━━ Entries shown ━━

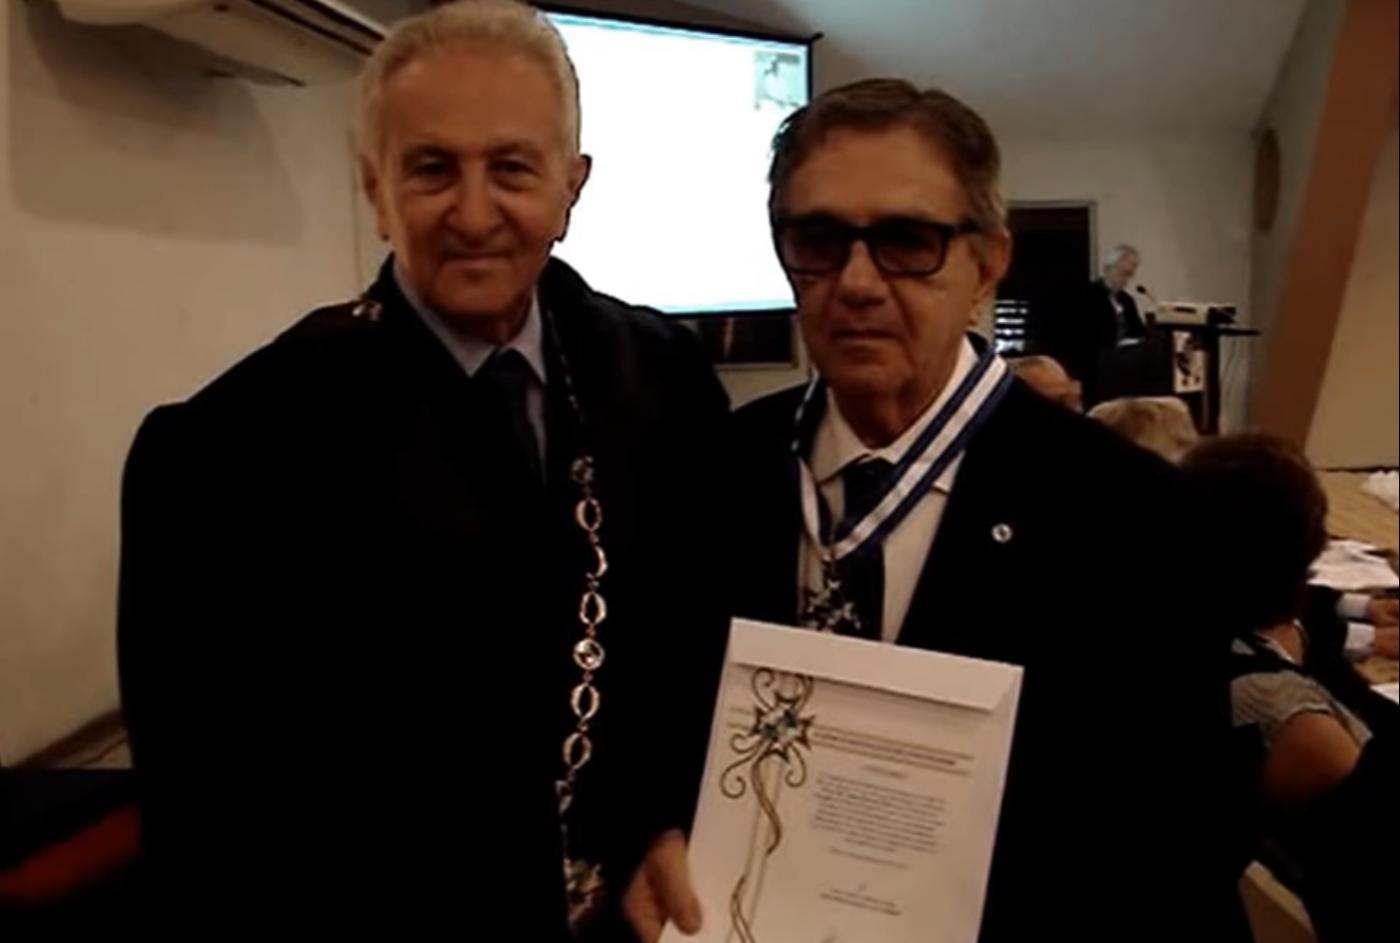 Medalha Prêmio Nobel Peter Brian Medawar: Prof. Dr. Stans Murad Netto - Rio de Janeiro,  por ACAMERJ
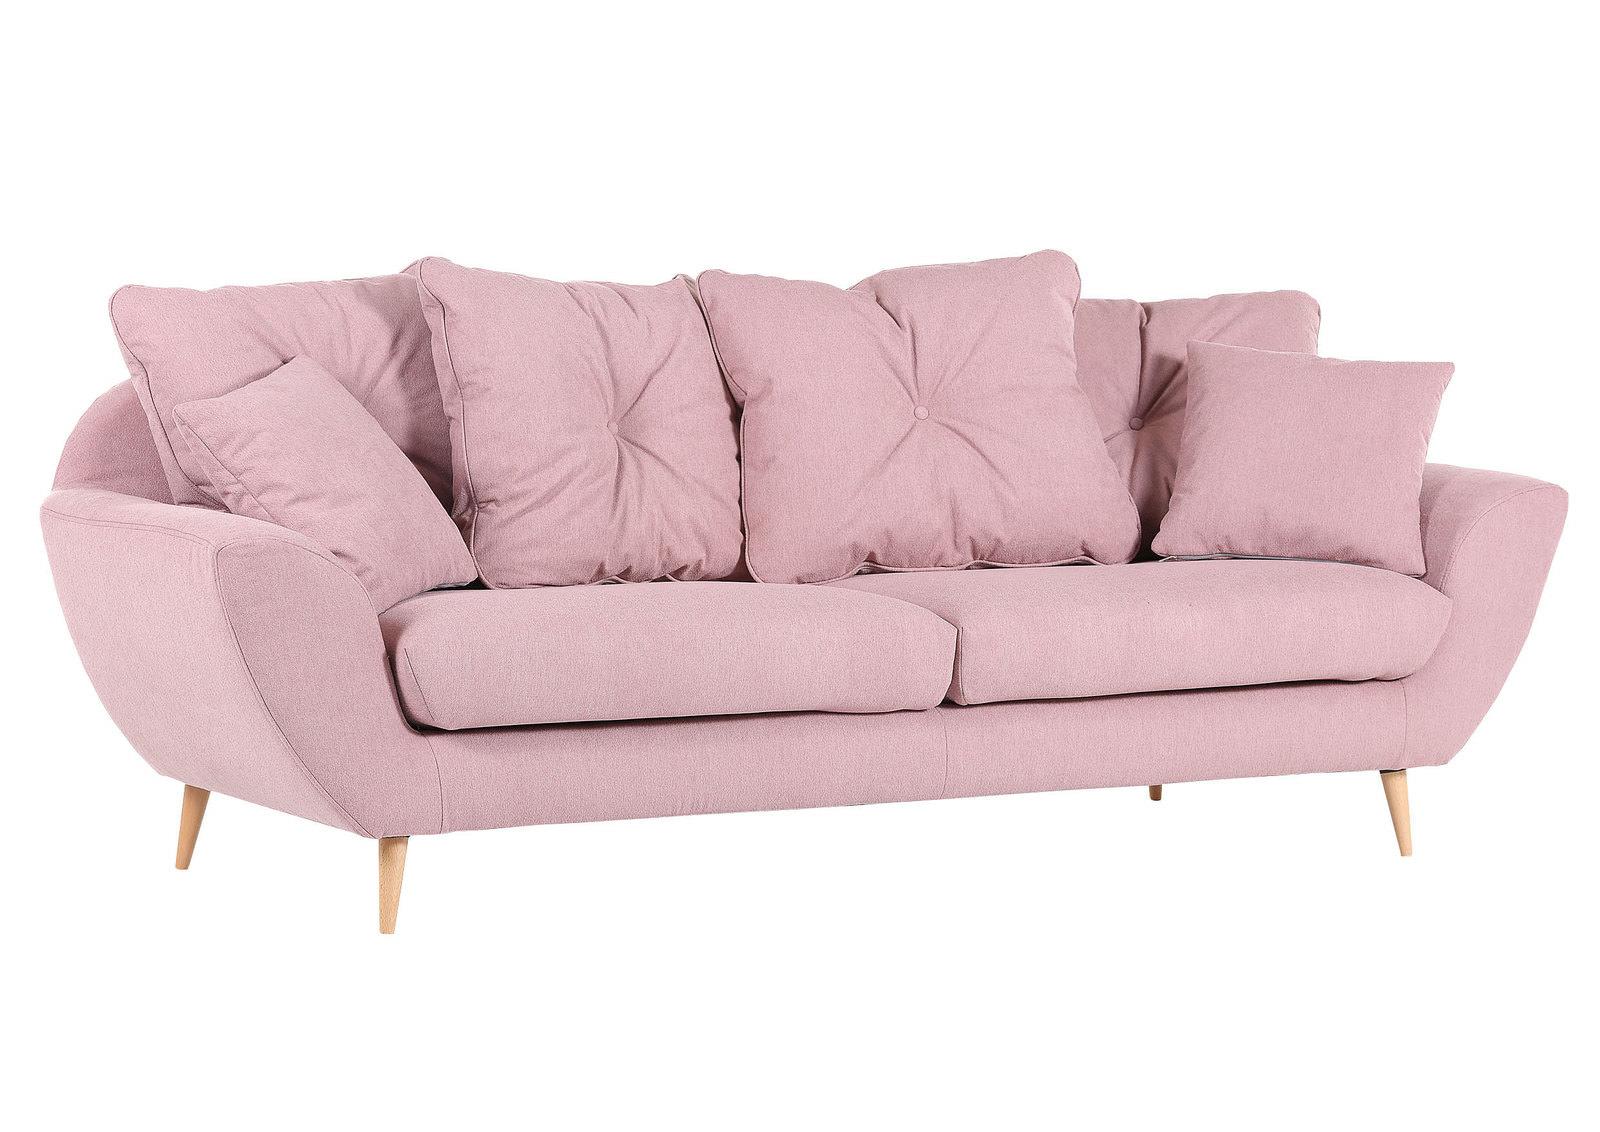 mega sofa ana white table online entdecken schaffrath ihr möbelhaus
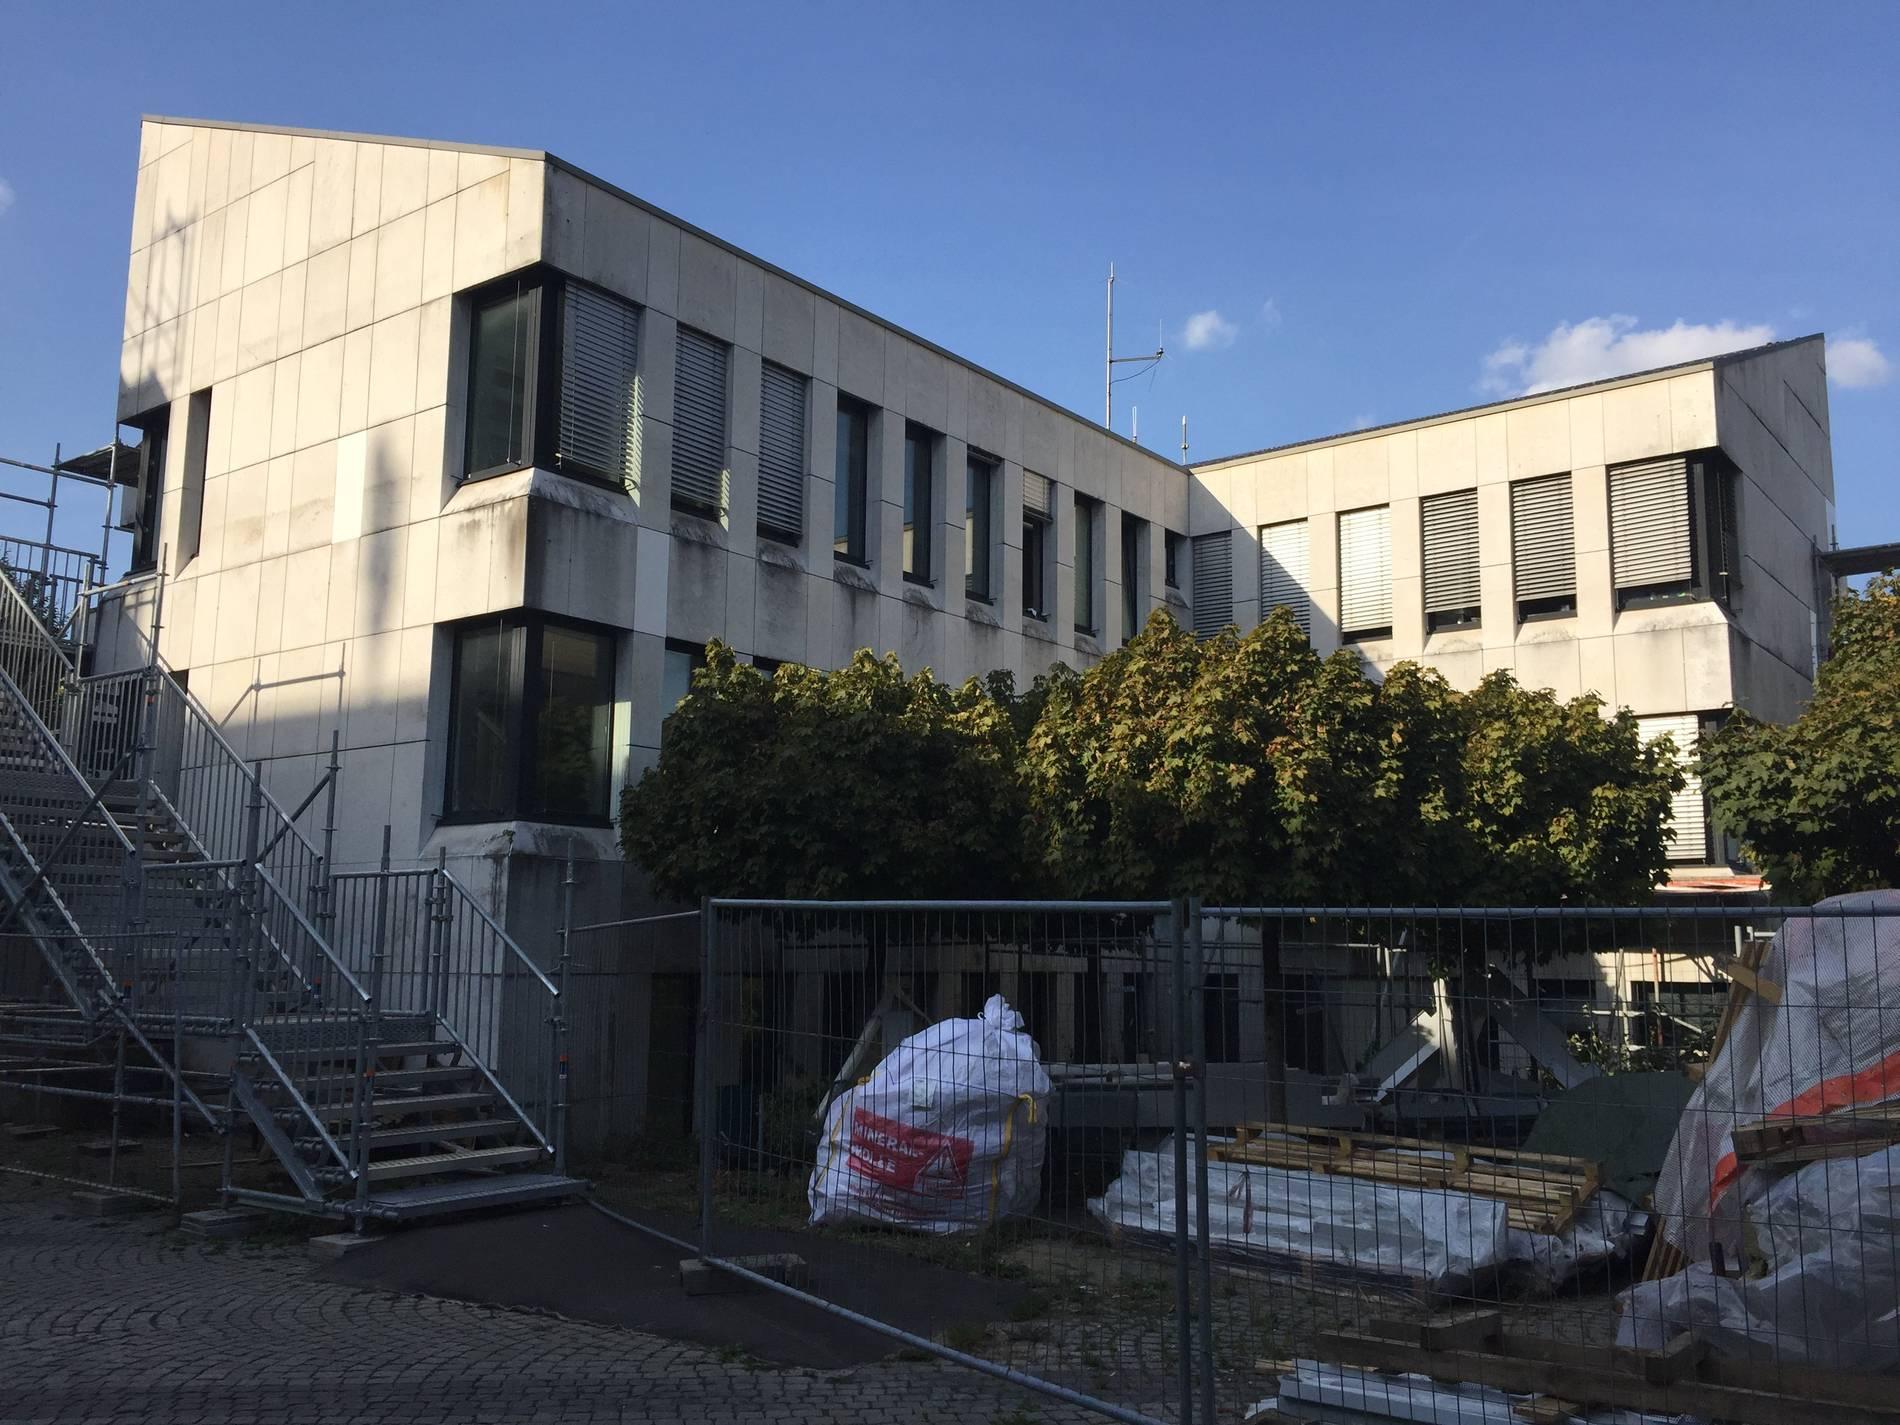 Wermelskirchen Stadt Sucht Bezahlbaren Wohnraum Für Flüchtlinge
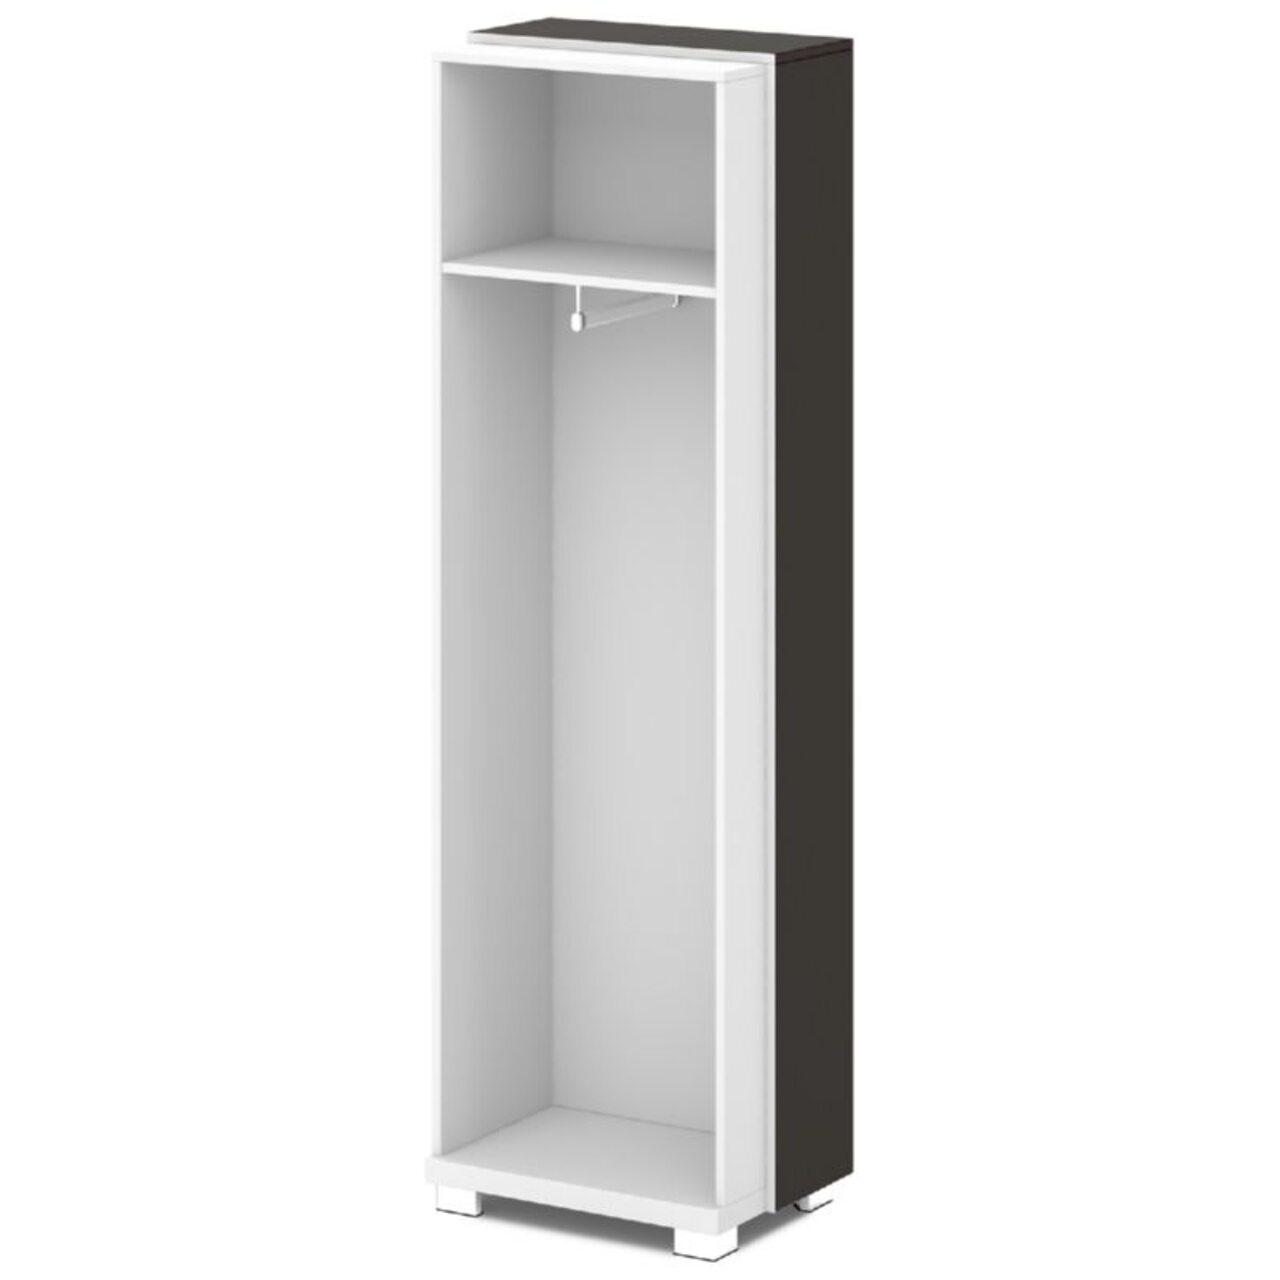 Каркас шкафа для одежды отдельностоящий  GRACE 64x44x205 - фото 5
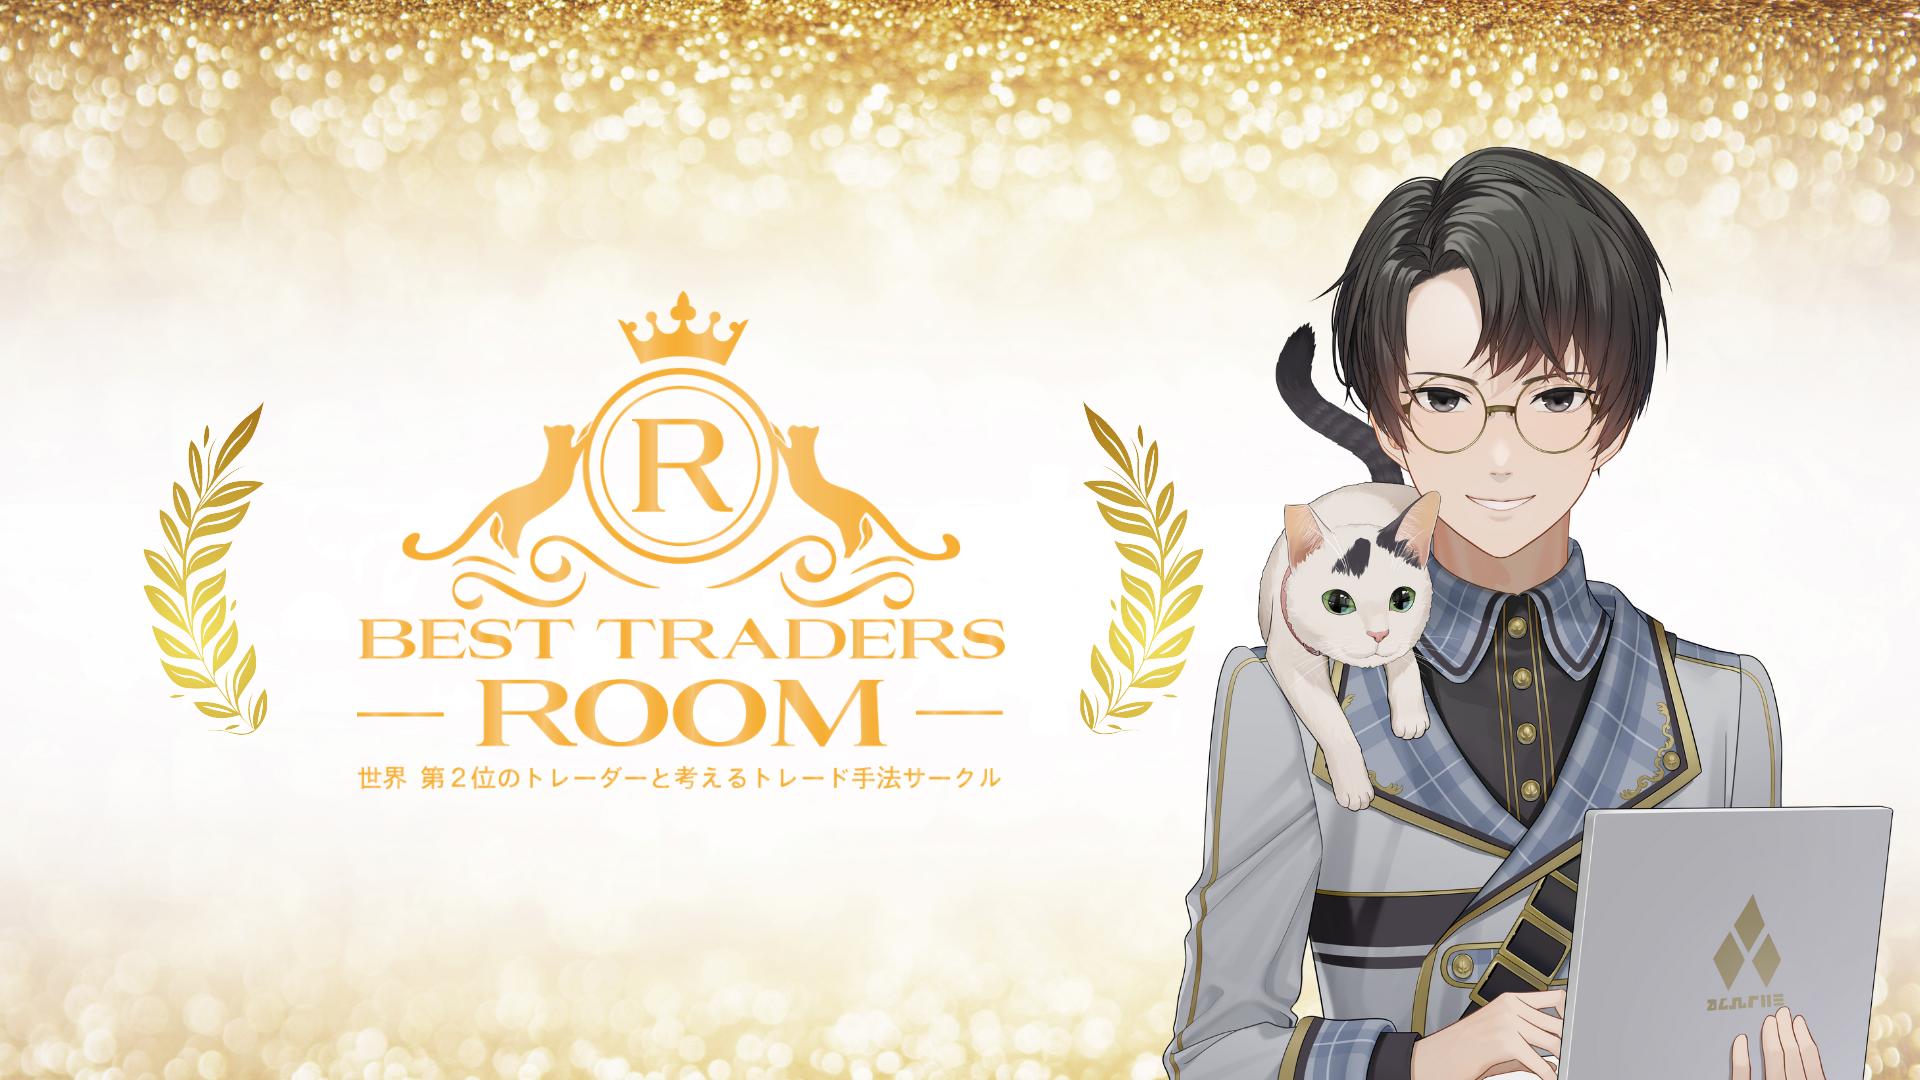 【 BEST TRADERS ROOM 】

━━━

■ Directions: Copy out all the data exactly; skip the pictures.

■ Result for this exercise:
 Medalha Prêmio Nobel Peter Brian Medawar: Prof. Dr. Stans Murad Netto - Rio de Janeiro,  por ACAMERJ
 mega sofa ana white table online entdecken schaffrath ihr möbelhaus
 Wermelskirchen Stadt Sucht Bezahlbaren Wohnraum Für Flüchtlinge
 Каркас шкафа для одежды отдельностоящий  GRACE 64x44x205 - фото 5
 【 BEST TRADERS ROOM 】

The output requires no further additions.